EXERCISE BRIEF: What you return should be the complete data below, word for word, with no pictures in it.

DATA PROVIDED:
- - -

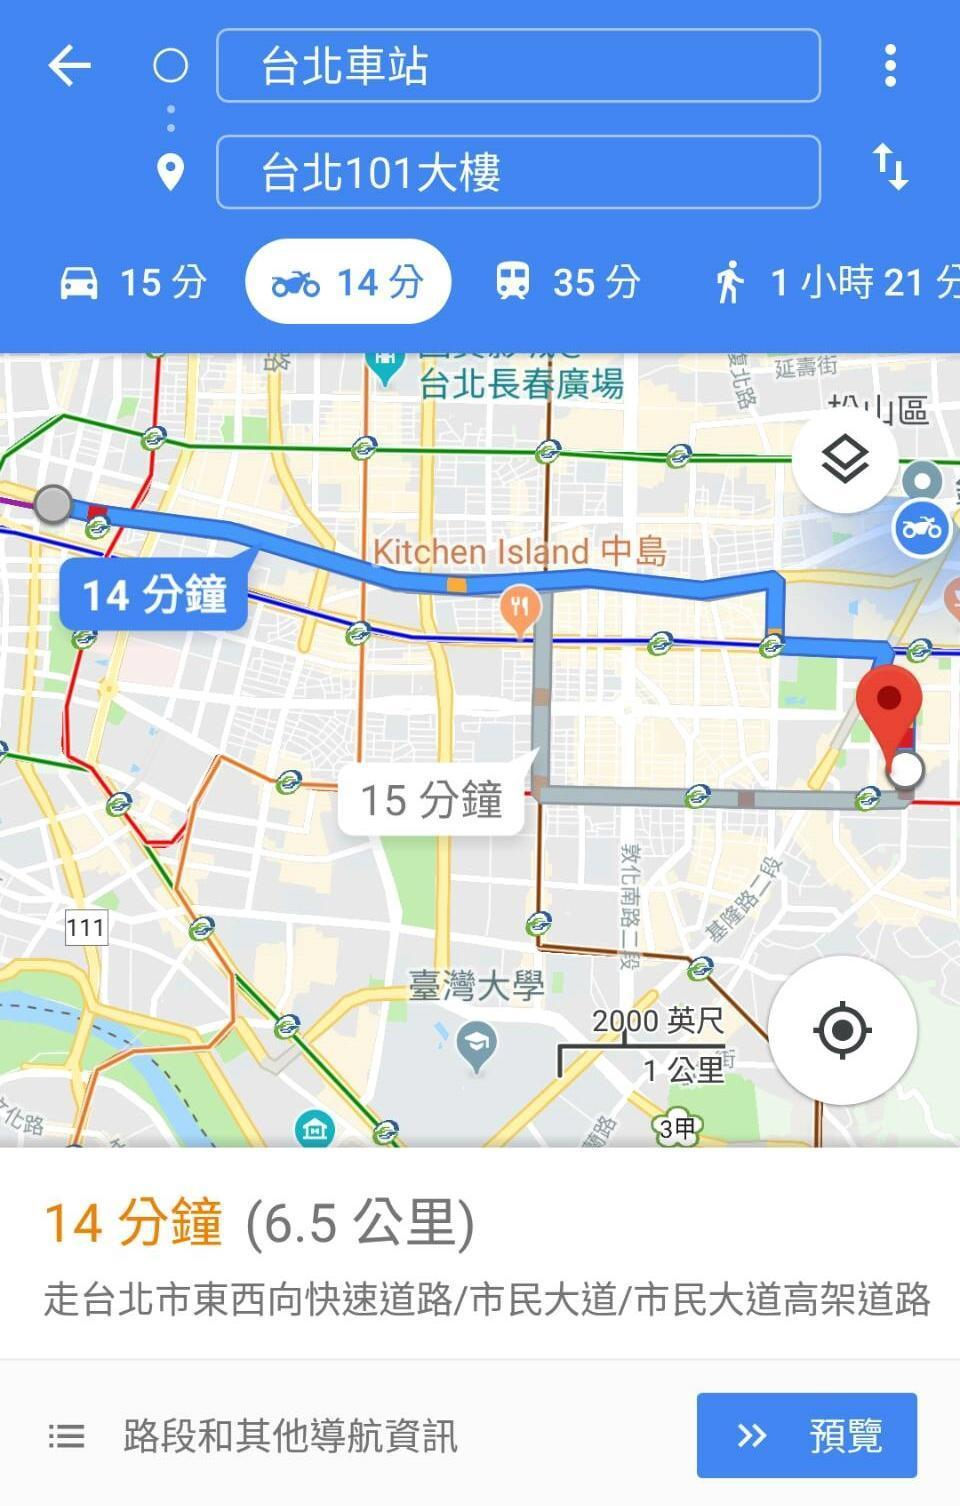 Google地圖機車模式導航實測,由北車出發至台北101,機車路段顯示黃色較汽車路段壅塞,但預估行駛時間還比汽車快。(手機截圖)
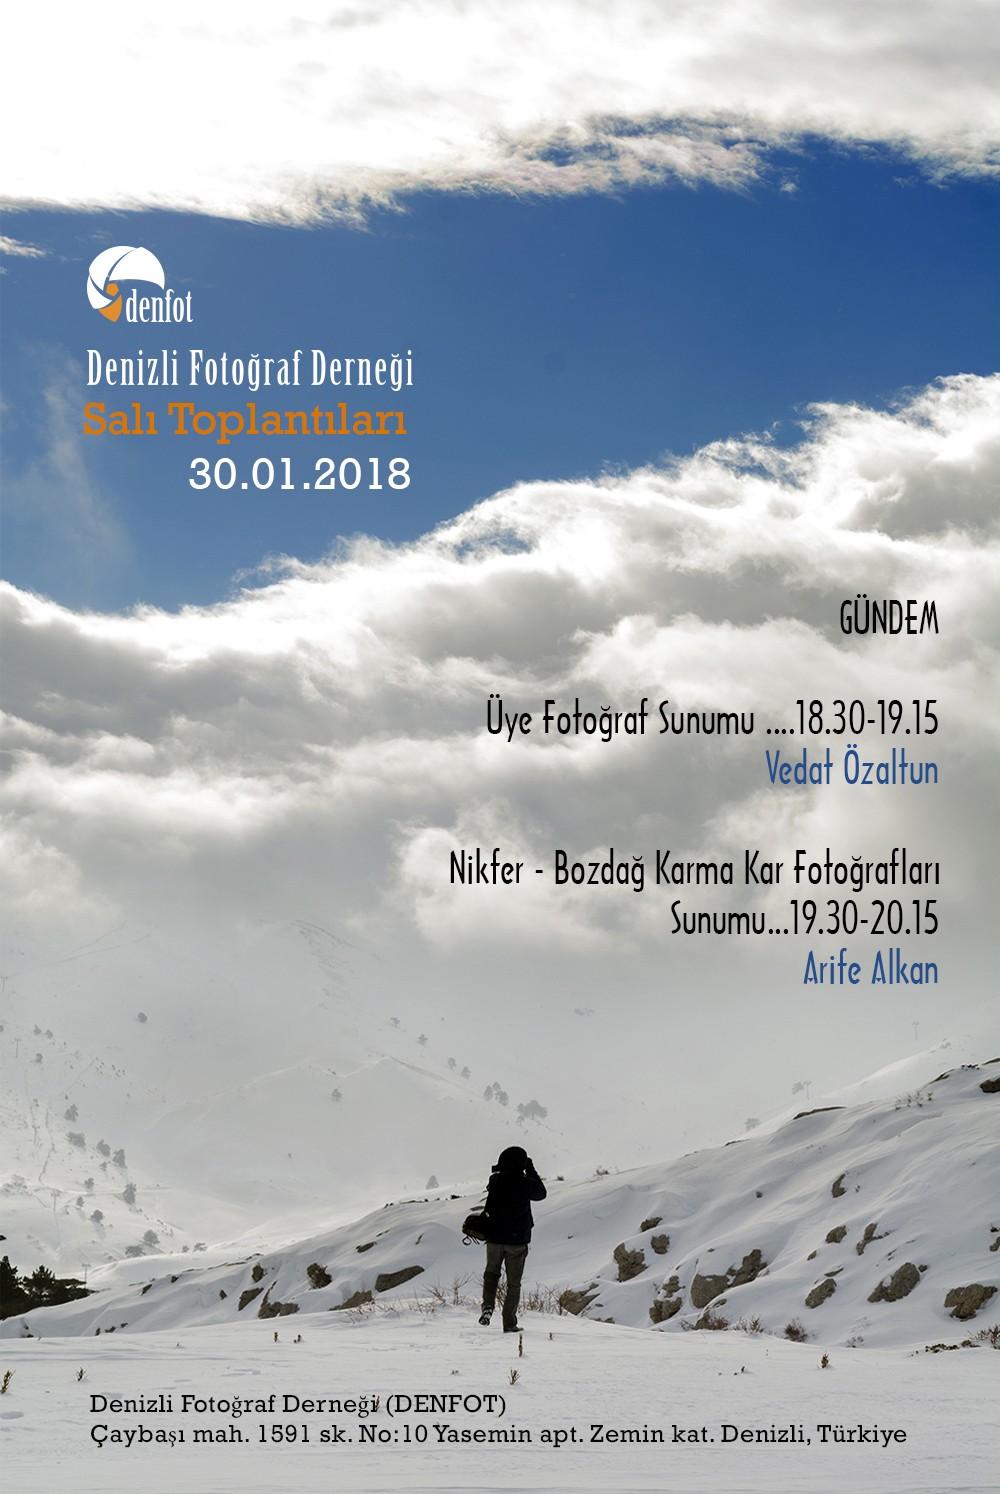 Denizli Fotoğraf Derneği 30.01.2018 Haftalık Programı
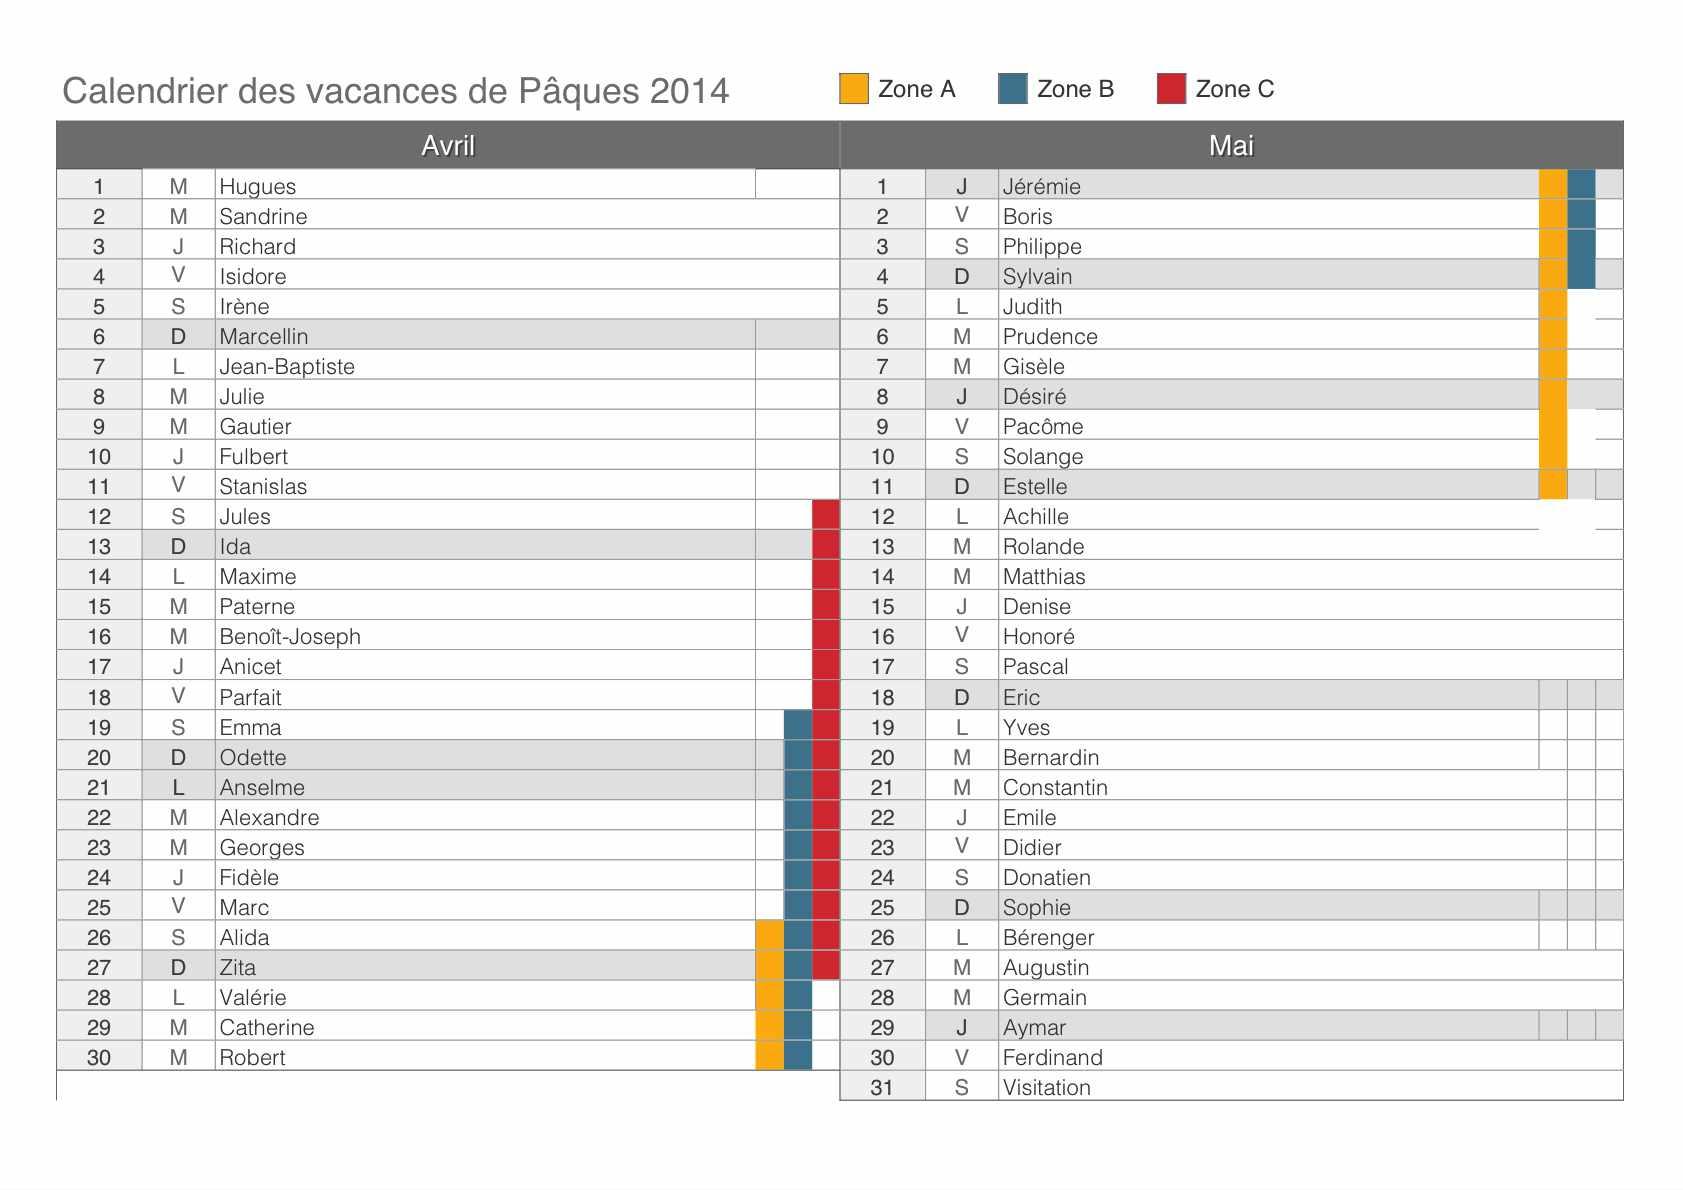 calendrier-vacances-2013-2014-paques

- - -

TASK SOLUTION:
 Google地圖機車模式導航實測,由北車出發至台北101,機車路段顯示黃色較汽車路段壅塞,但預估行駛時間還比汽車快。(手機截圖)
 Denizli Fotoğraf Derneği 30.01.2018 Haftalık Programı
 calendrier-vacances-2013-2014-paques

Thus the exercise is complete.